| DATA PROVIDED |
══════════════════════════════

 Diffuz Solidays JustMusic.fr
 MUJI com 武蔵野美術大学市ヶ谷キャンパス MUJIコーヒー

══════════════════════════════

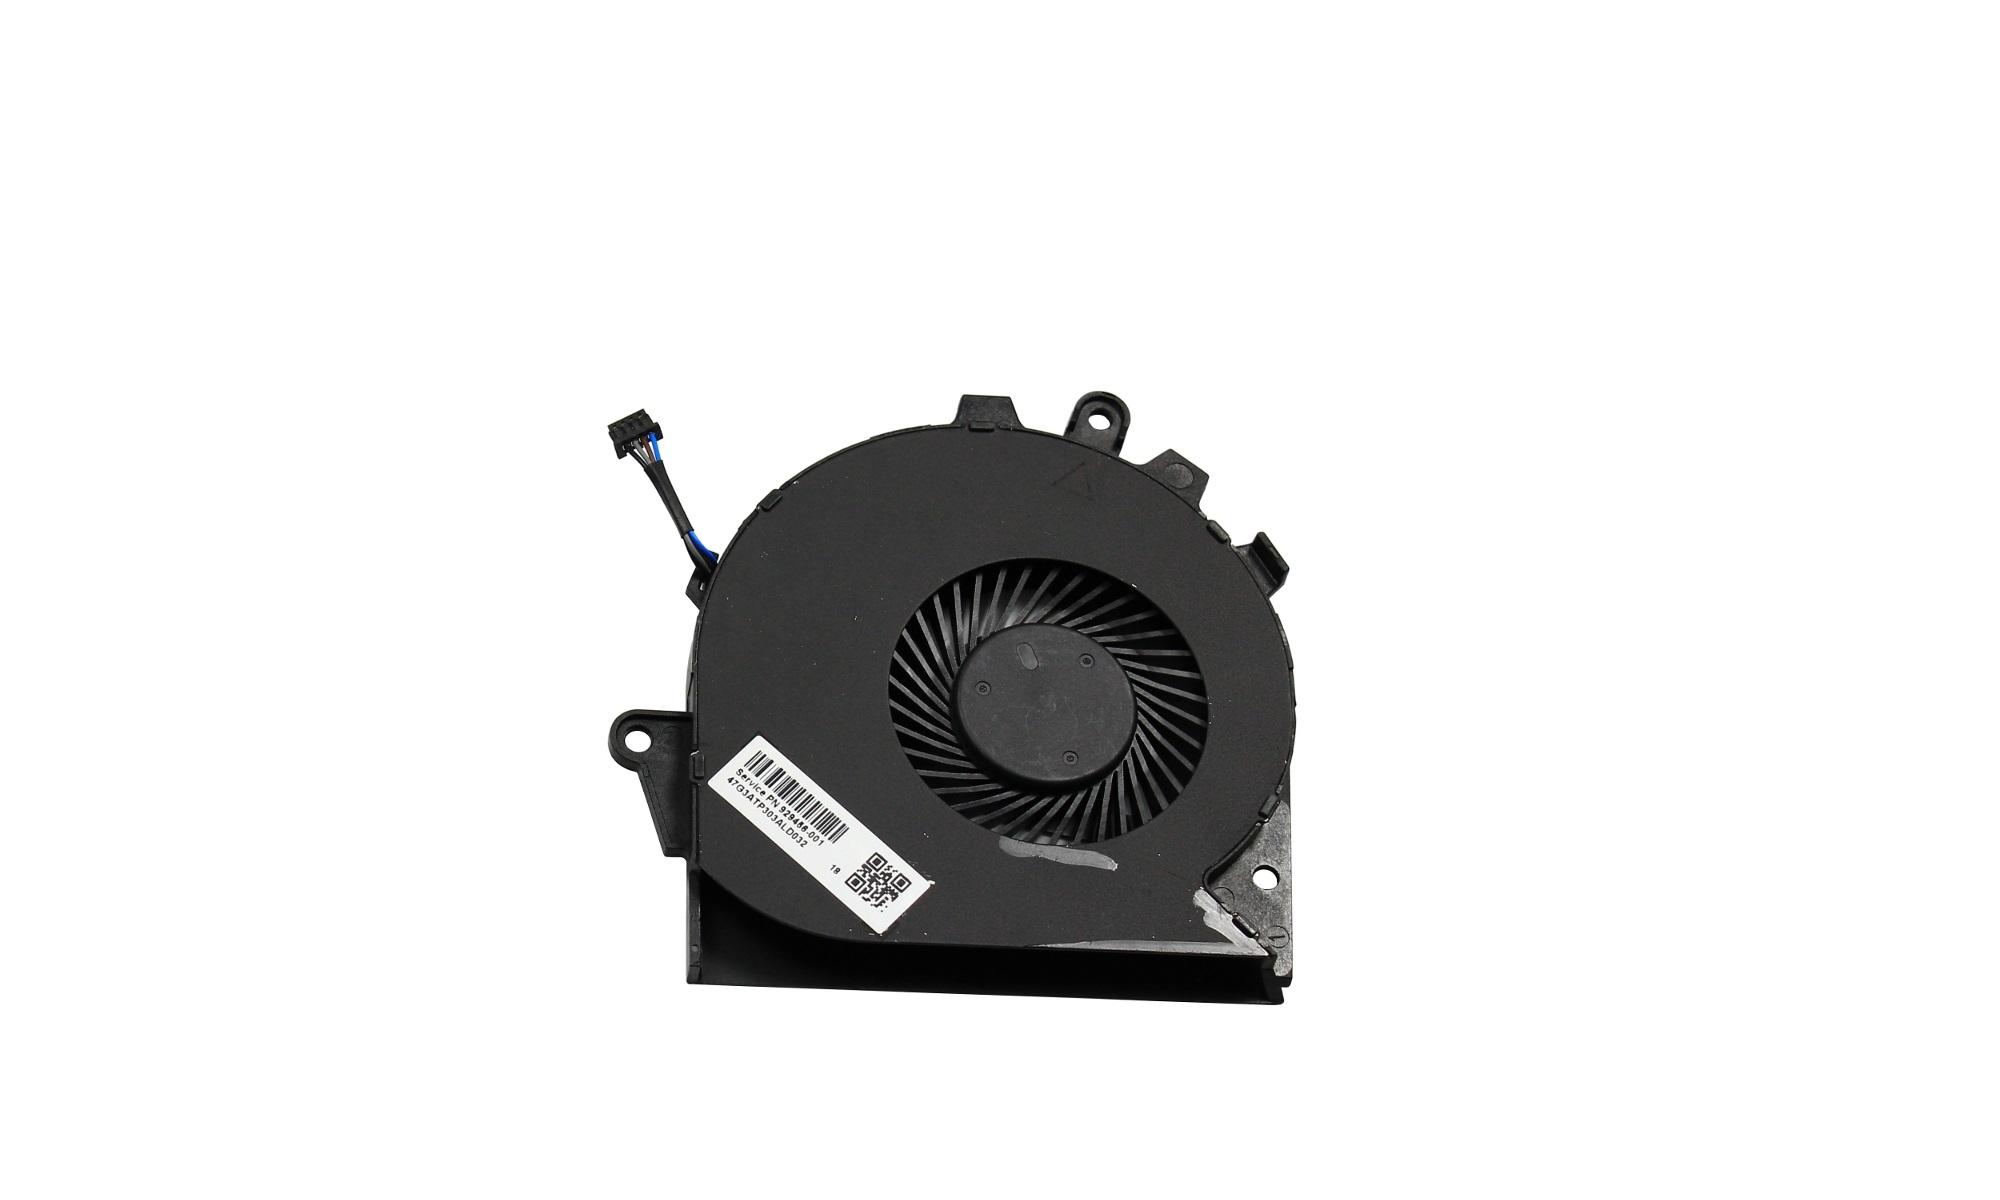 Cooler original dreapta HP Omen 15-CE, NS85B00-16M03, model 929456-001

══════════════════════════════

| YOUR GOAL |
In your answer, include only the lines above starting at the line that holds "Diffuz Solidays JustMusic.fr" and ending at the line that holds "MUJI com 武蔵野美術大学市ヶ谷キャンパス MUJIコーヒー", copied exactly.

| EXERCISE RESPONSE |
 Diffuz Solidays JustMusic.fr
 MUJI com 武蔵野美術大学市ヶ谷キャンパス MUJIコーヒー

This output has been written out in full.